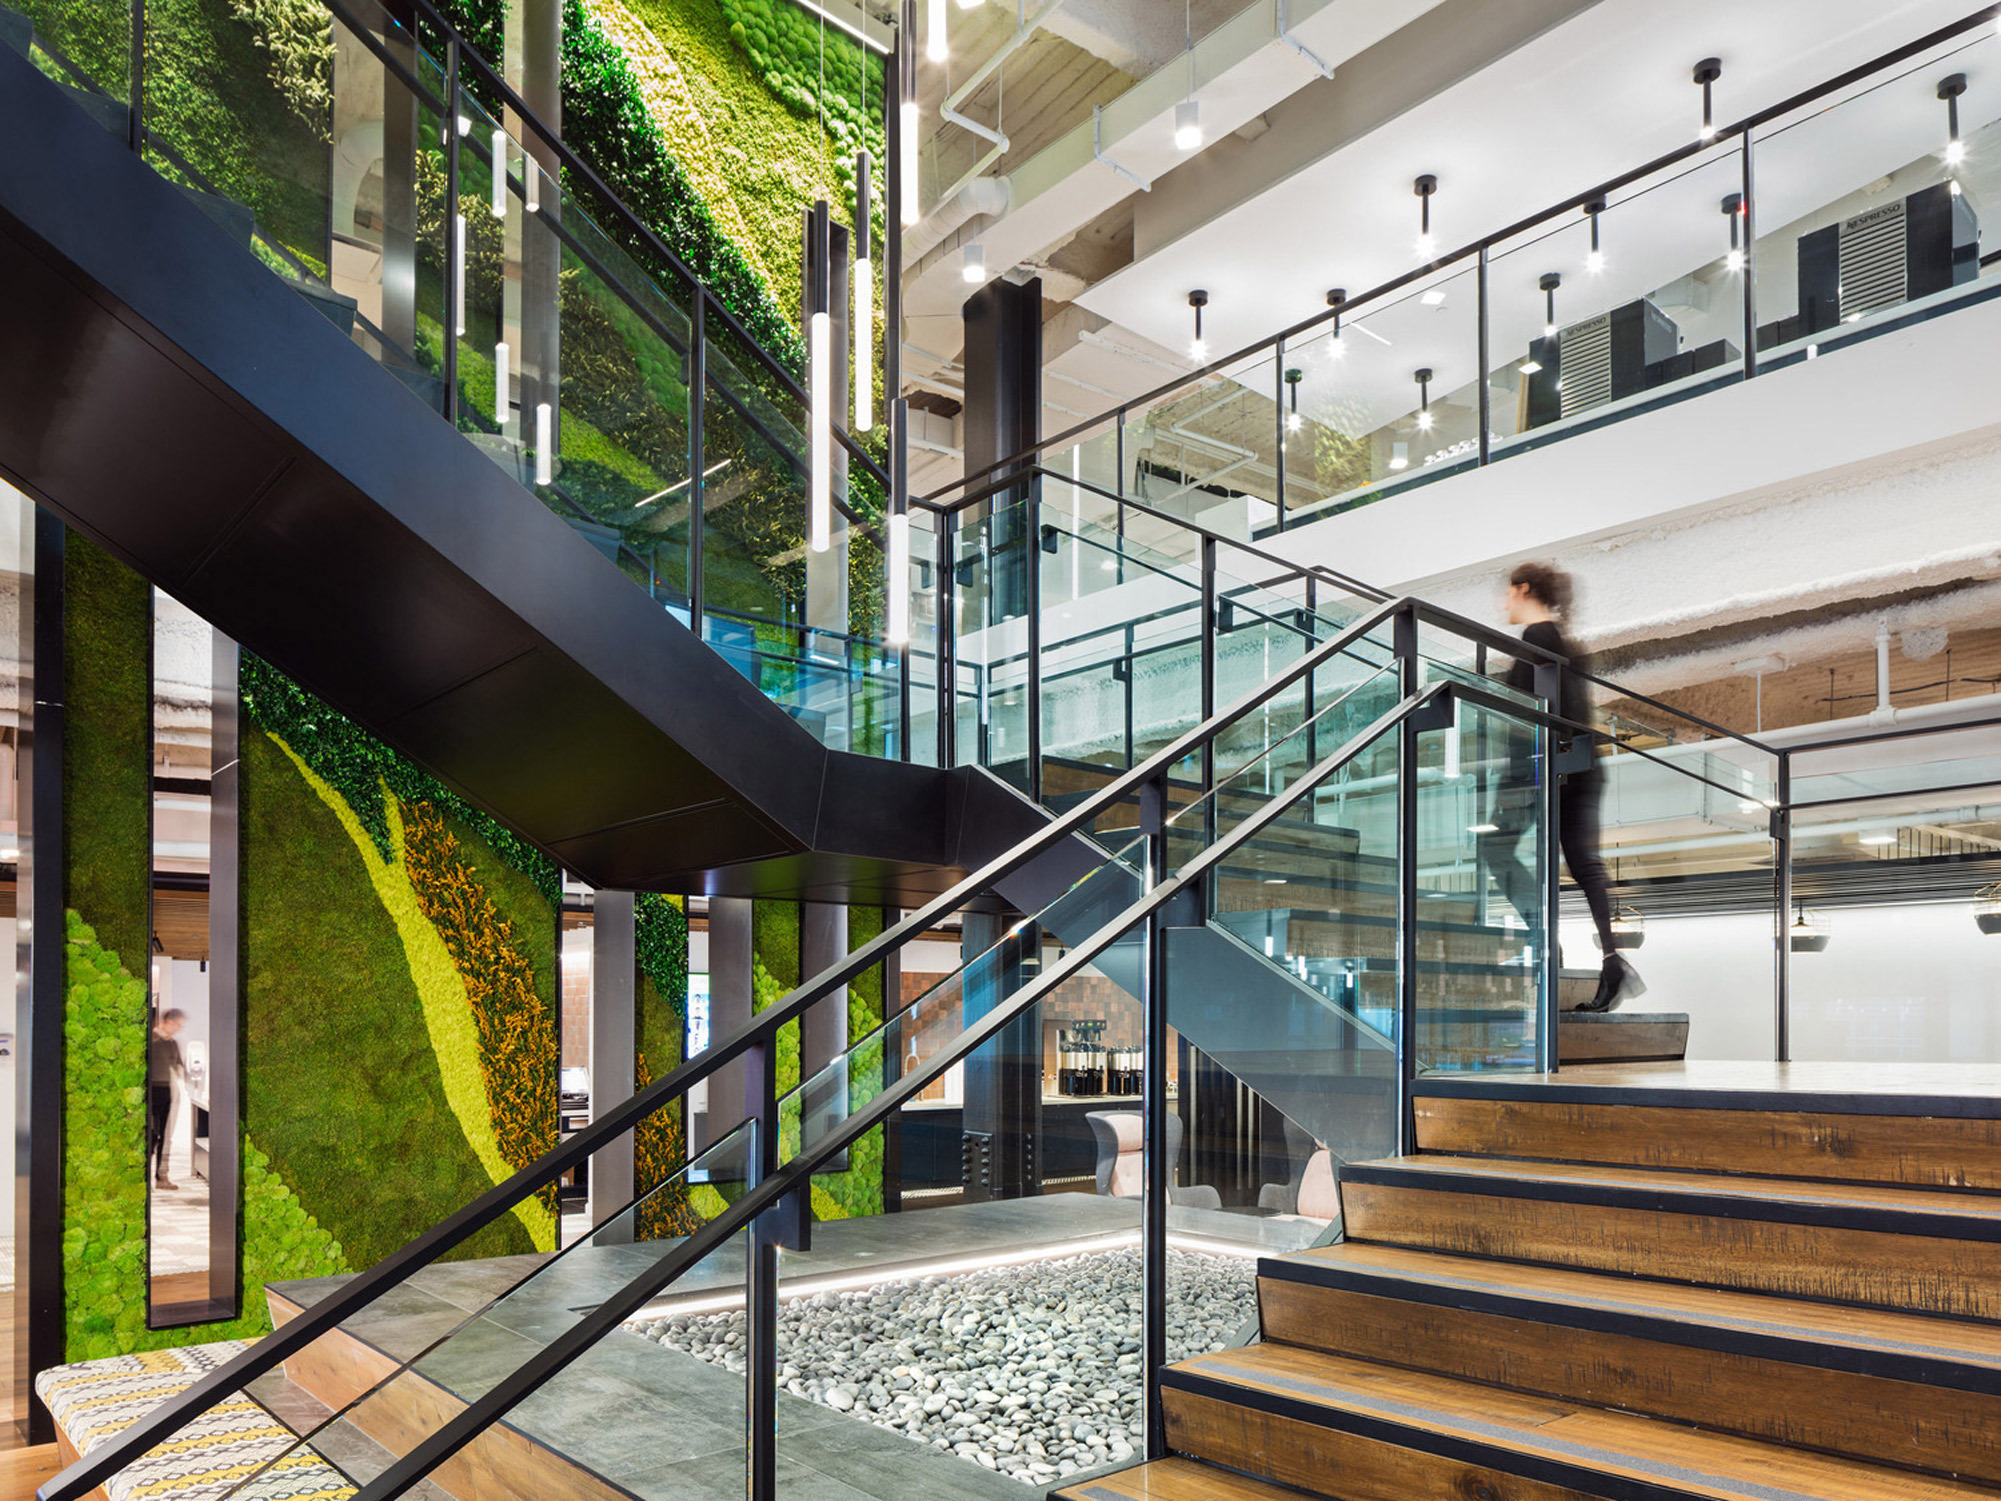 Modern interior with a biophilic design, featuring a spiral staircase with wooden steps, glass balustrades, and living green walls. The space includes concrete ceilings with exposed ductwork, black pendant lighting, and a pebble-filled atrium, emphasizing sustainability and connection to nature.
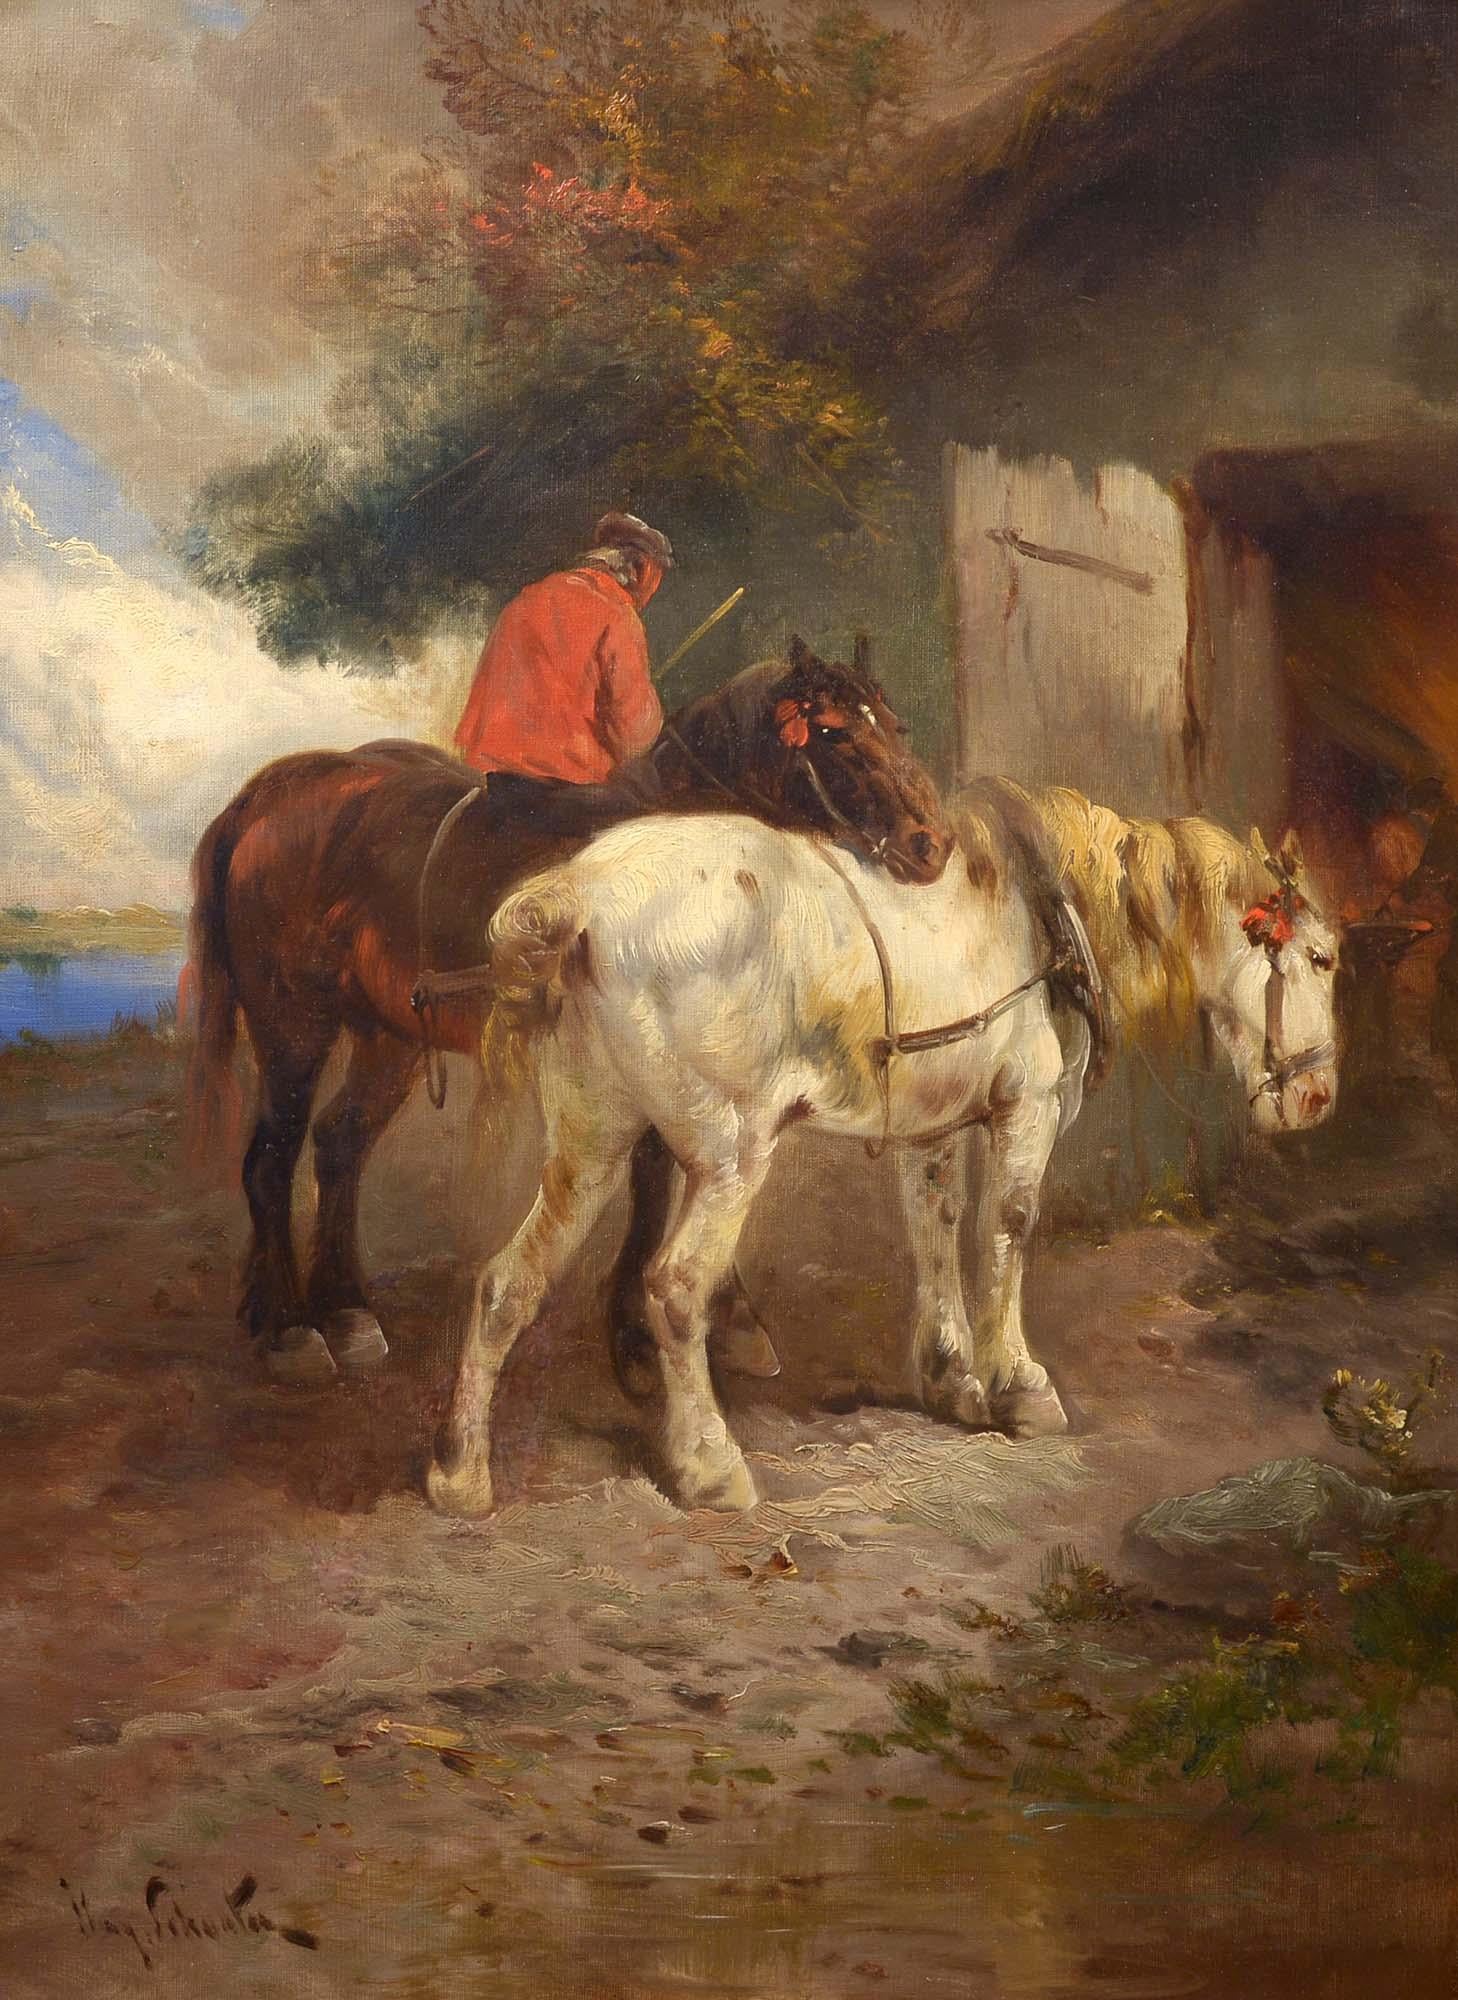 Henry Schouten was a Belgian artist best known for painting farmyard scenes of animals in their environment. Born in 1859 in Indonesia, Schouten went on to study art at the Academy of Brussels from 1876 to 1881. His works were strongly influenced by
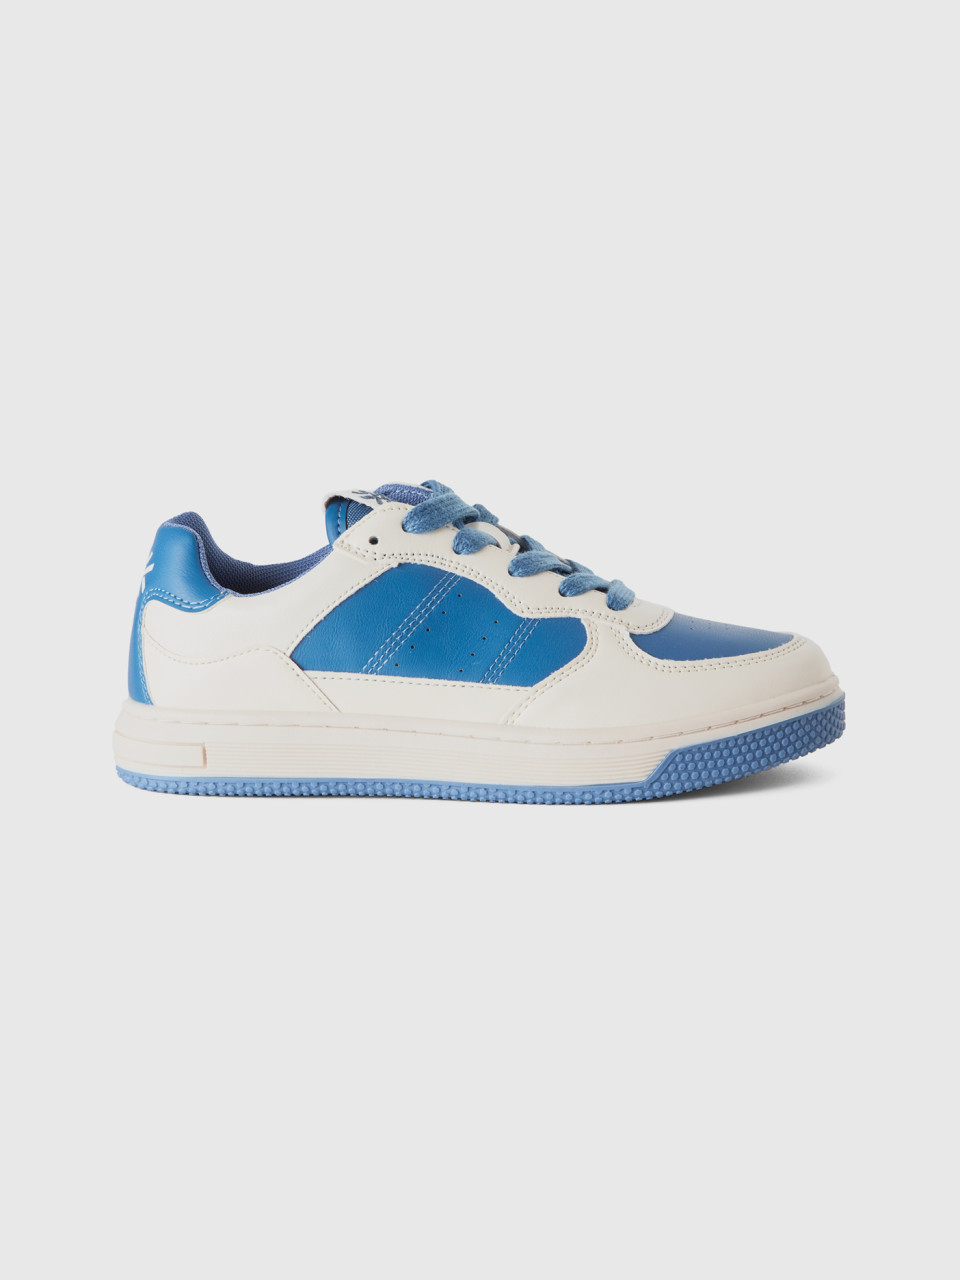 Benetton, Low-top Sneakers In Imitation Leather, Blue, Kids
= = = = = = =
Problem to solve =>
The expected answer is the full listing above, transcribed exactly and without pictures.

Solution to the exercise =>
 Modern interior with a biophilic design, featuring a spiral staircase with wooden steps, glass balustrades, and living green walls. The space includes concrete ceilings with exposed ductwork, black pendant lighting, and a pebble-filled atrium, emphasizing sustainability and connection to nature.
 Henry Schouten was a Belgian artist best known for painting farmyard scenes of animals in their environment. Born in 1859 in Indonesia, Schouten went on to study art at the Academy of Brussels from 1876 to 1881. His works were strongly influenced by
 Benetton, Low-top Sneakers In Imitation Leather, Blue, Kids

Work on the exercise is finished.